David: The post launch checklist is designed to help. Review it before you launch.
Onawa: Yeah.
David: Right? And that brings me to the number one thing. When you launch the website, the first thing you check. Number two is analytics. Number one is that God forsaken checkbox in WordPress that says, do not index this site.
Onawa: No, we’ve been having an issue not with that, but with a similar thing where every time we go to launch, for some reason our robots.txt is set to not index.
David: It might be because of the way you’re copying from the dev server to the live server.
Onawa: It might. It didn’t used to be that way, but now it happens every time.
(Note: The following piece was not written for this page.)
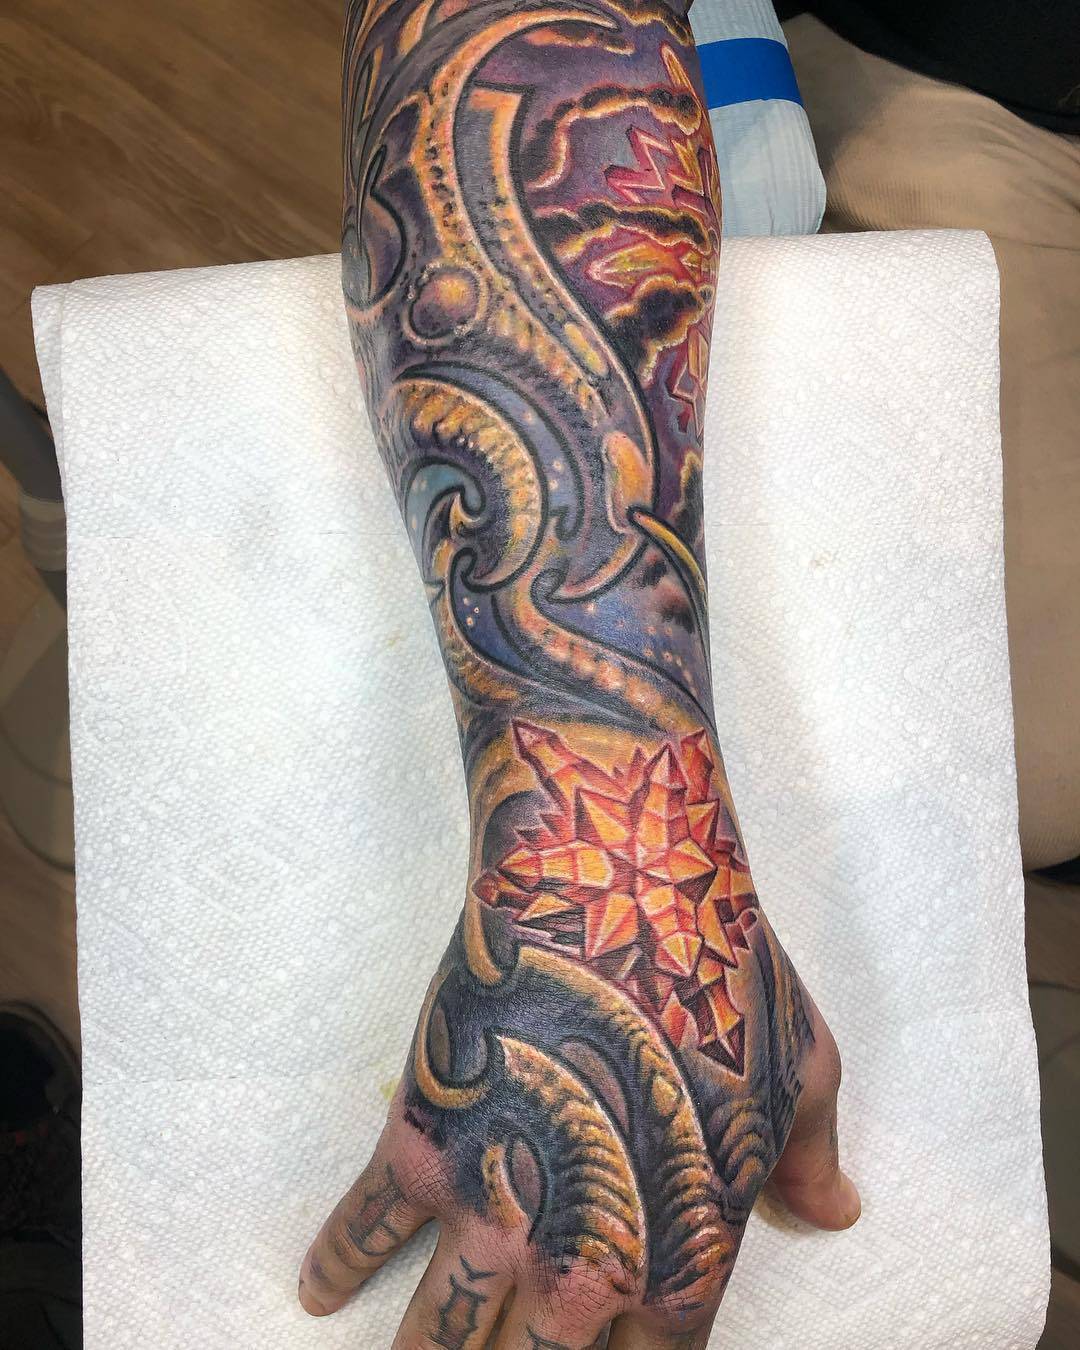 20 Of The Best Biomechanical Tattoos For Men in 2023  FashionBeans

David: And that brings up a good point. Dev servers are indexable by Google.
Onawa: Yeah.
David: Especially on WordPress sites. Because there are things WordPress is doing to tell Google the site’s here. So, you can create a real duplicate content problem where Google goes, there are two copies of this site. So, remember, there’s one way to guarantee Google won’t index your site. It’s called a password. If you password protect your Website, Google cannot enter a password and index it. You can do it on the server side. I’ll do a server-side password and just enter it in and I can monkey all I want on the site, but Google can’t get to it. Then when you go, check the robots.txt, and make sure you uncheck that box. I’ve made so much money from website audits where they forgot to uncheck that box. I have a buddy who launched a website, and it wasn’t until three months later they realized he forgot to uncheck that box.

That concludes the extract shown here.